Gulf leaf is a type of herb used in cooking and has a unique taste. It is also considered as one of the important herbs for health. It contains nutrients that are good for the body.
Gulf leaf contains vitamin C, vitamin A, antioxidants and other health benefits.
Biryani leaf
Health Benefits of Laurel:
1. Protect the heart.
Gulf leaf is one of the important herbs that helps to protect the heart from diseases. It contains compounds such as salicylates. In addition, it contains caffeic acid, all of which can help improve heart health. This helps prevent sudden heart attacks.
2. Lowering blood sugar.
Gulf leaf is important for type 2 diabetics. Studies show that bay leaf lowers blood sugar levels.
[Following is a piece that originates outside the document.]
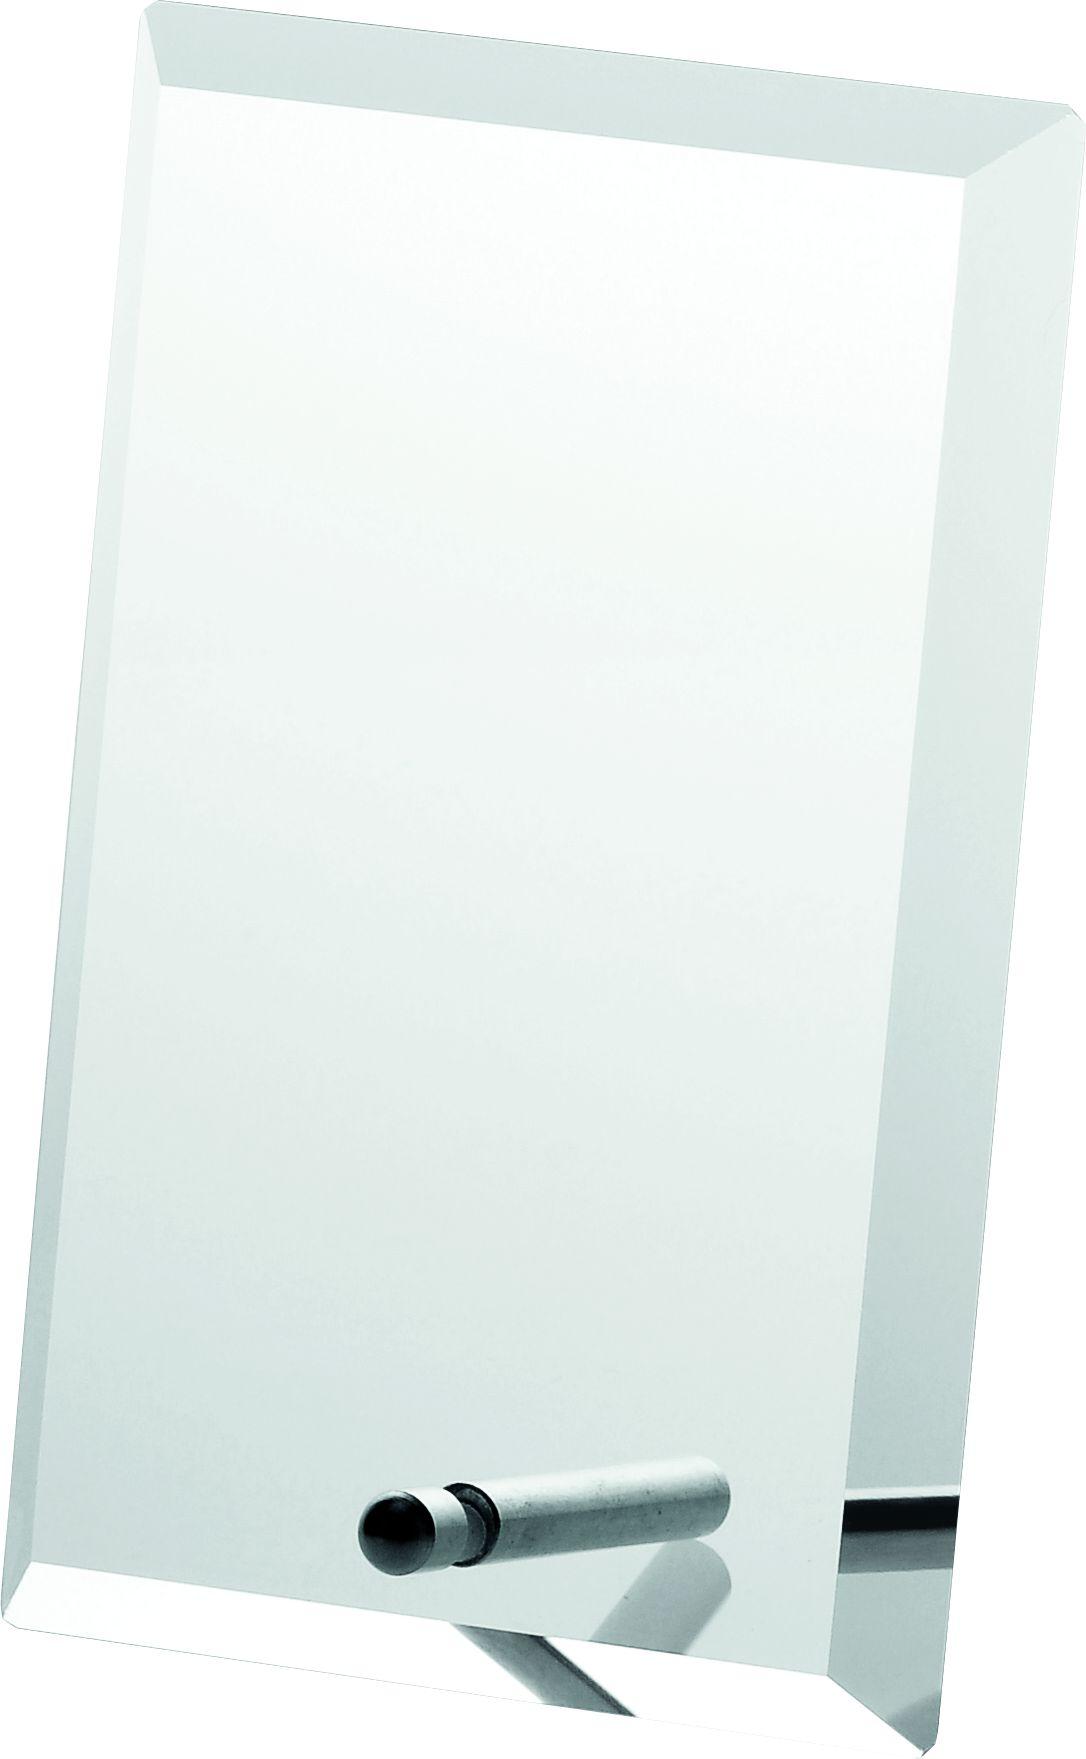 Szklana statuetka M51A, M51B, M51C

In addition, it lowers cholesterol and triglycerides, as well as antioxidants that contribute to the production of natural insulin in the blood.
3. Pain relief.
Using bay leaf and extracting oil from it helps in relieving pain as it has anti-inflammatory properties which contributes to the treatment of arthritis and rheumatic pain.
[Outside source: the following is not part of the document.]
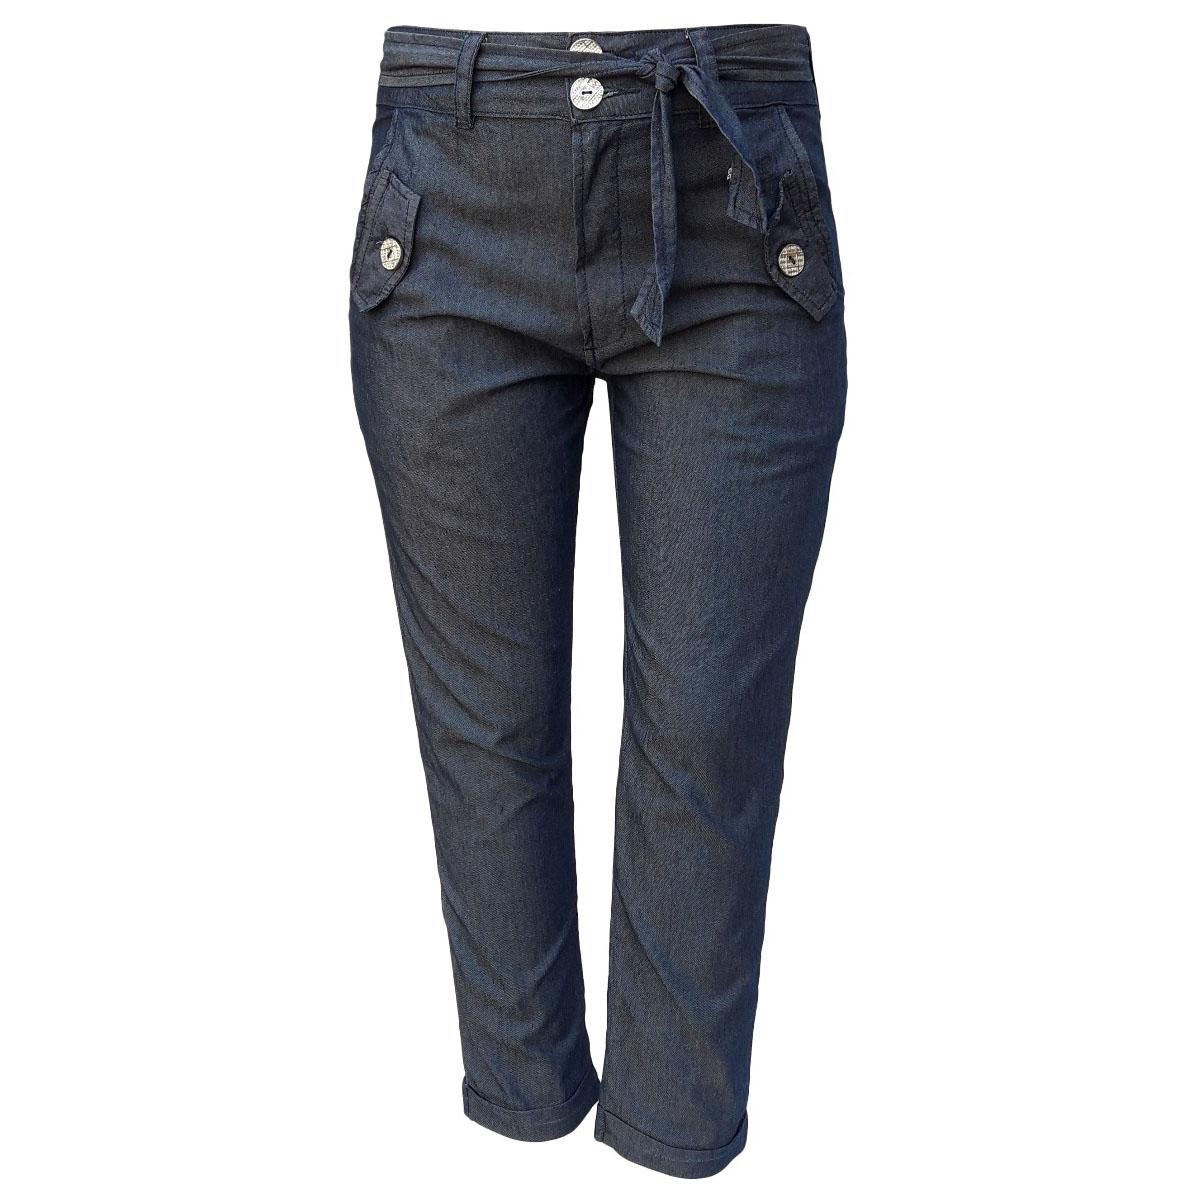 Calça Jeans Feminina Clochard Cintura Alta Tamanho P

The use of bay leaf on the head when experiencing headaches and migraines helps to relieve pain, and it also helps to stimulate the work of the bloodstream, which reduces the sensation of pain.
4. Fight colds and flu.
Gulf leaf has anti-bacterial and anti-inflammatory properties, which can help fight infections and treat colds and flu.
5. The wound heals.
Gulf leaf helps to heal wounds and wounds and helps to get rid of insect bites as it has anti-bacterial and anti-fungal properties and is also used to treat skin infections.
Gulf leaf is one of the important herbs that helps in improving the health of the digestive system as it helps in treating some ailments like heartburn and flatulence and it also eliminates constipation and acidity and treats indigestion phenomena.
7. Cancer prevention.
Gulf leaf contains caffeic acid, curcetin and antioxidants, which help prevent various cancerous growths, as well as prevent the spread of cancer cells.
8. Skin care.
Gulf leaf contains important vitamins and minerals that help protect skin from problems, as well as reduce wrinkles and better scores, thanks to the antioxidants found in bay leaf.
9. Treatment for hair problems.
The use of water as a result of boiling the bay leaf in the hair helps to treat dandruff and prevent fall, and it is important to get rid of scalp lice, which also helps to improve the health and strength of the hair. It helps to improve blood flow to the scalp.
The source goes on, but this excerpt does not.